To run an inference benchmarking blueprint, simply deploy a vLLM blueprint, then use a tool such as LLMPerf to run benchmarking against your inference endpoint.

How do I check logs for troubleshooting?

Use kubectl to inspect pod logs in your Oracle Kubernetes Engine cluster. You can also inspect logs from the AI Blueprints portal.

Does OCI AI Blueprints support autoscaling?

Yes, OCI AI Blueprints leverage KEDA for application-driven autoscaling. See the documentation for more information.

Which GPUs are compatible?

Any NVIDIA GPUs available in your OCI region, such as A10, A100, or H100.

Can I deploy to an existing Oracle Kubernetes Engine cluster?

Yes, you can deploy OCI AI Blueprints to an existing cluster by following the instructions here.

How do I run multiple blueprints on the same node?

To run multiple blueprints on the same node, we recommend that you enable shared node pools. Read more here.

What is the difference between OCI Data Science/Quick Actions and AI Blueprints?

Oracle Cloud Infrastructure Data Science and Oracle Cloud Infrastructure Data Science Quick Actions are PaaS offerings intended to help you build and deploy AI applications on managed compute instances. AI Blueprints is an IaaS booster. OCI AI Blueprints is ideal for customers deploying GenAI workloads to reserved instances in their tenancy. In the initial stages of the customer journey, AI Blueprints helps with pre-sales POCs, LLM benchmarking, and quick prototyping of end-to-end AI applications, such as retrieval-augmented generation (RAG ).

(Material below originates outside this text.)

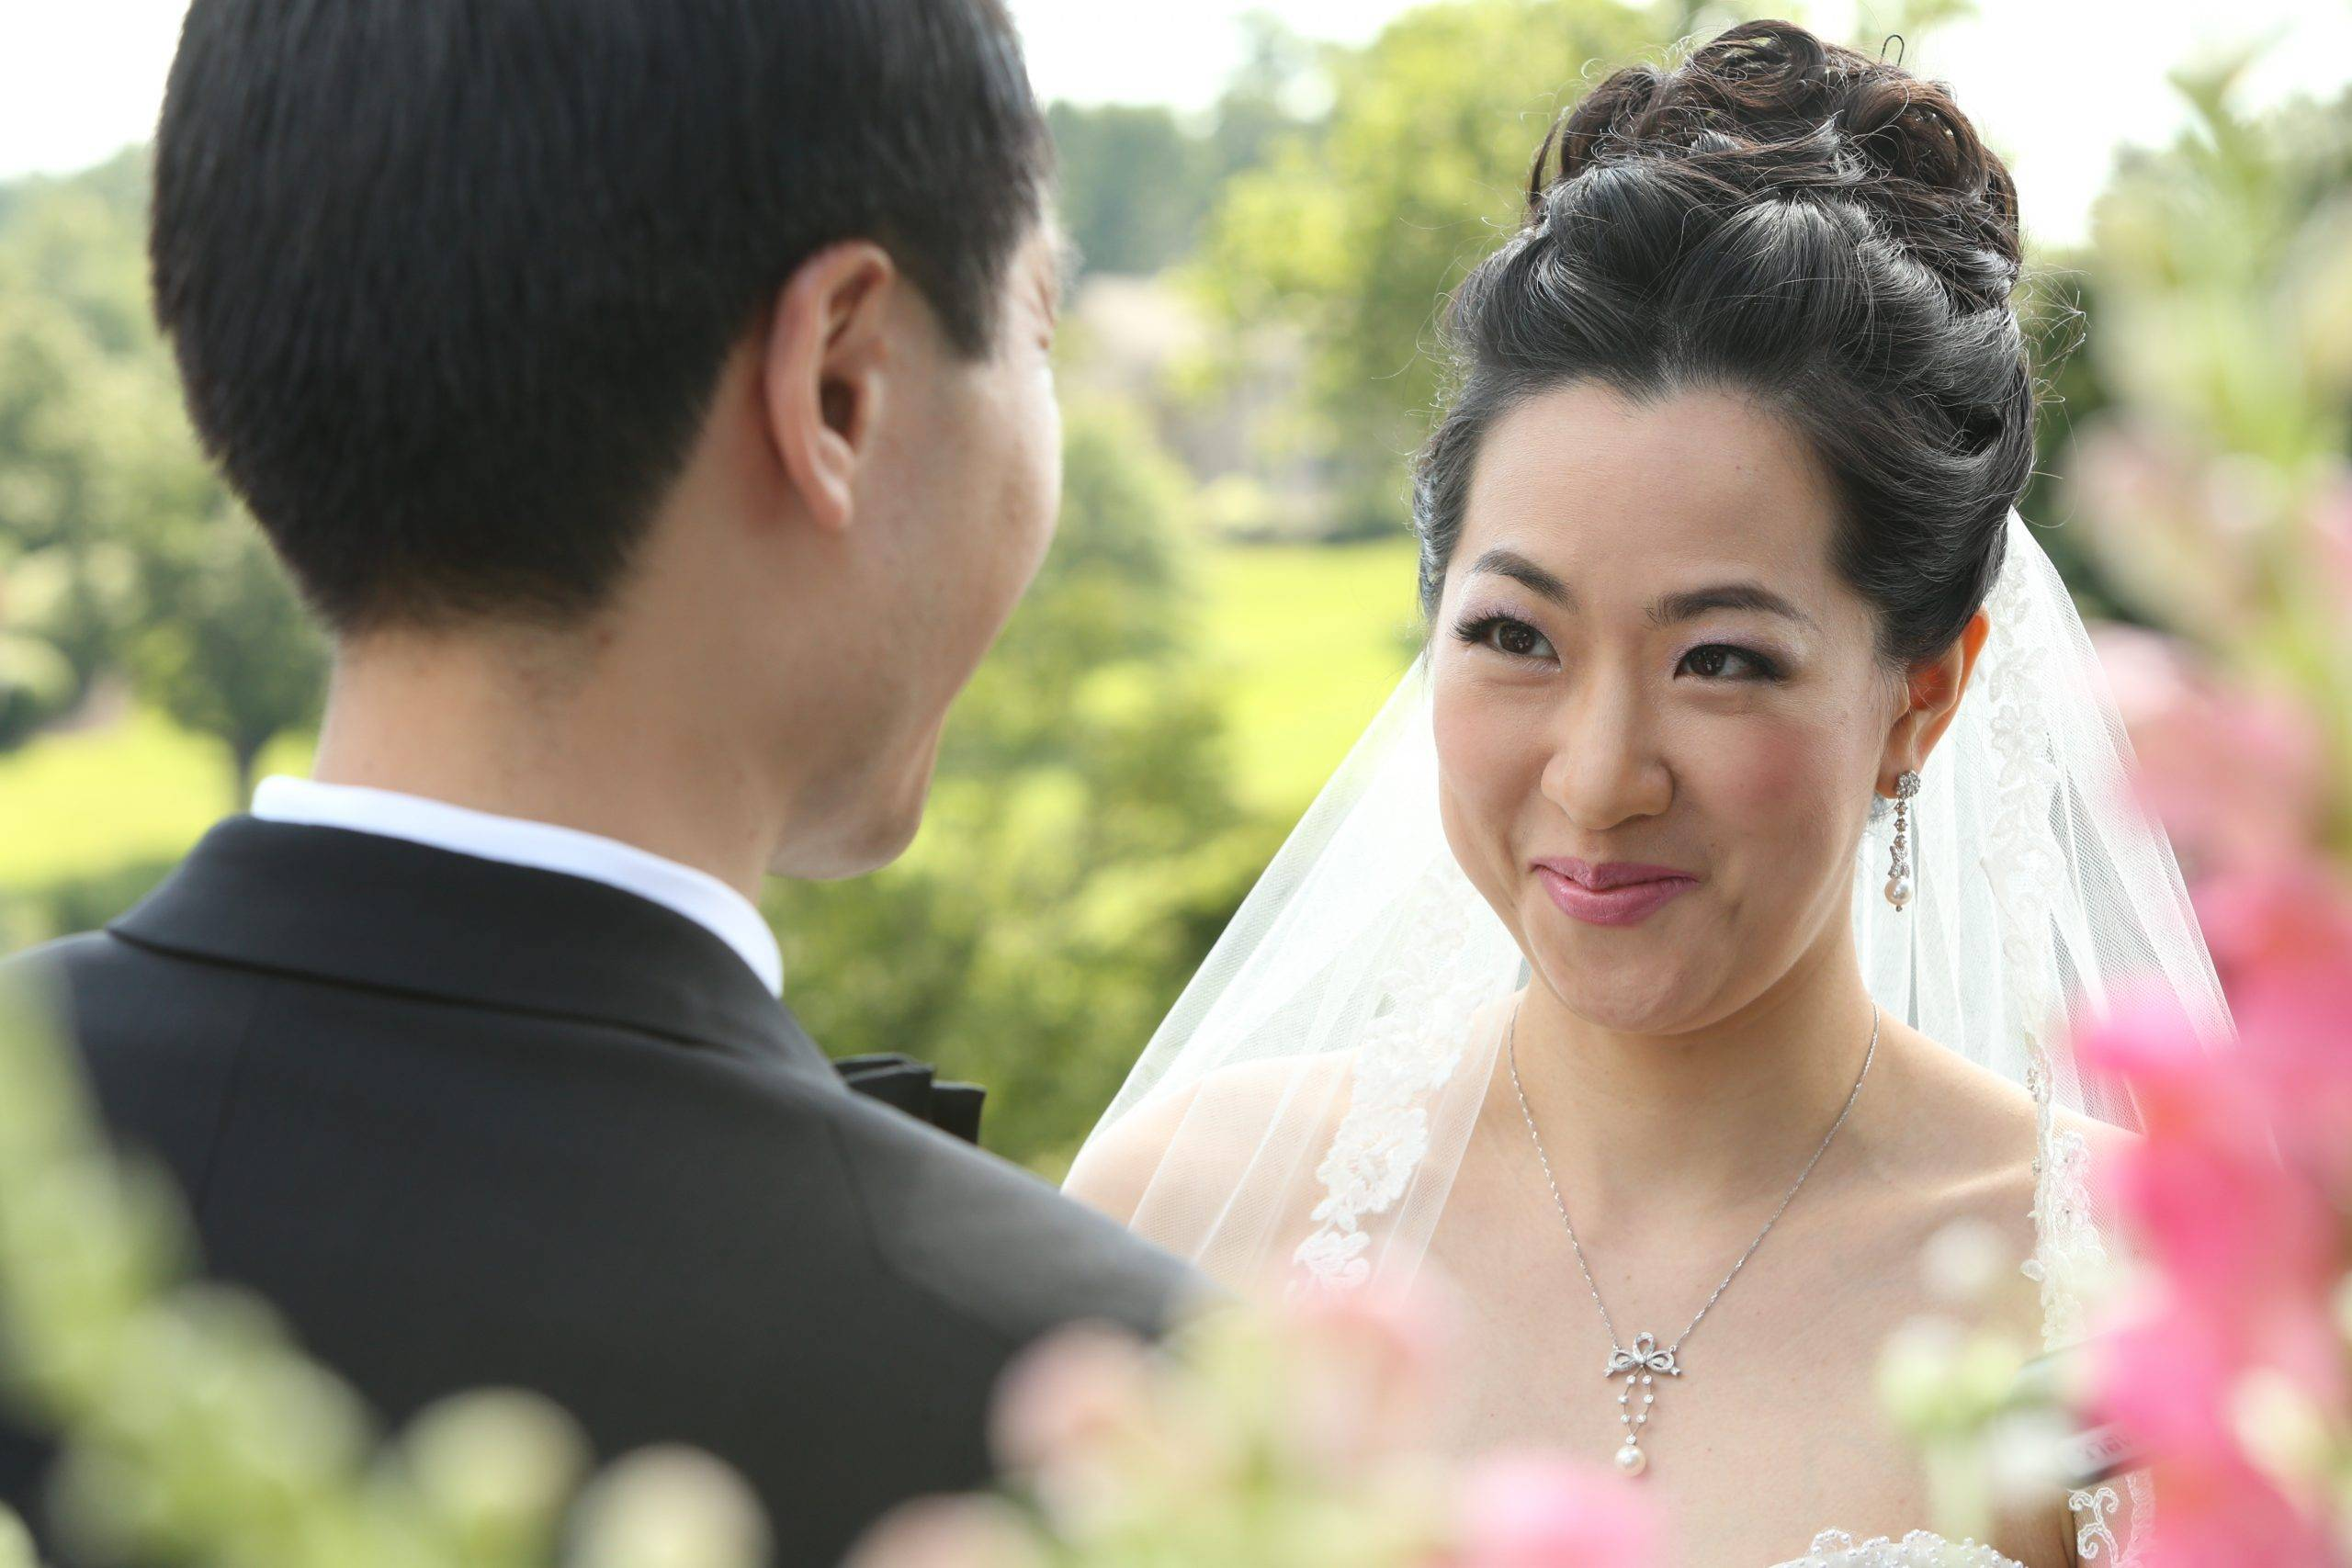 Brooklake bride smiling at the groom

In the later stages, customers can use AI Blueprints for production workloads on Kubernetes clusters with advanced configurations like autoscaling and distributed inference.

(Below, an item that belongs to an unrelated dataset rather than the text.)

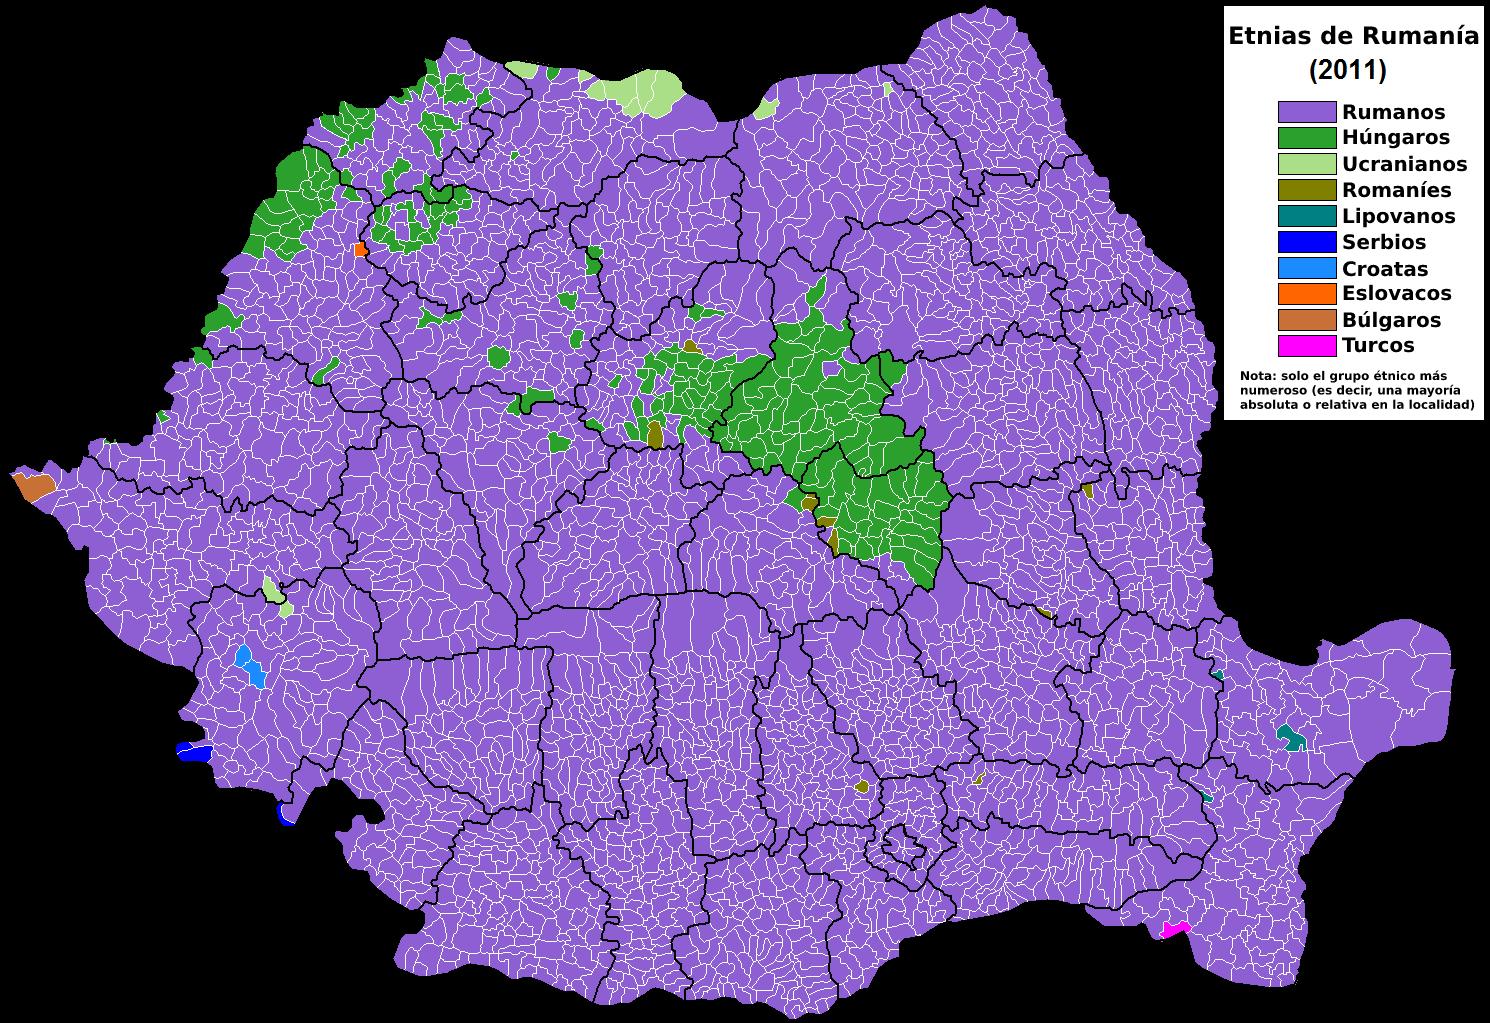 mapa de etnias de rumania

What is the difference between OCI Generative AI service and AI Blueprints?

OCI Generative AI service is a PaaS offering. AI Blueprints is an IaaS booster. OCI AI Blueprints is ideal for customers deploying GenAI workloads to reserved instances in their tenancy. In the initial stages of the customer journey, AI Blueprints helps with pre-sales POCs, LLM benchmarking, and quick prototyping of end-to-end AI applications, such as RAG. In the later stages, customers can use AI Blueprints for production workloads on Kubernetes clusters with advanced configurations like autoscaling and distributed inference.

Which models can I deploy with OCI AI Blueprints?

You can deploy custom LLMs or most models available on Hugging Face with our vLLM blueprint as long as the models are compatible with vLLM.

Can I deploy multimodal models?

Yes.

Can I serve LLMs with inference engines other than vLLM?

Yes. You can use other solutions such as Ollama, TensorRT, and NIM.

What if I don’t have GPUs yet. Can I deploy LLMs to CPUs with AI Blueprints?

Yes. We have a blueprint specifically for CPU inference that runs Ollama on CPUs.

Can I use AI Blueprints with NIM and NeMo?

Yes.

Does AI Blueprints have a command-line interface (CLI) and an API?

AI Blueprints currently provides an API (CLI is in development). You can also leverage the Kueue CLI for job orchestration and scheduling with AI Blueprints.

What value does AI Blueprints provide?

With OCI AI Blueprints, you can benefit in the following ways:

  • Deploy GenAI workloads in minutes via a simplified set-up flow with blueprints and clear guidance.
  • Gain a shorter time to production and faster realized value of OCI compute for GenAI by reducing the amount of time spent on initial setup and ongoing maintenance.
  • Use self-service onboarding to GPUs for GenAI with extensive documentation and a heavy emphasis on the end user experience with easy-to-consume portals and APIs.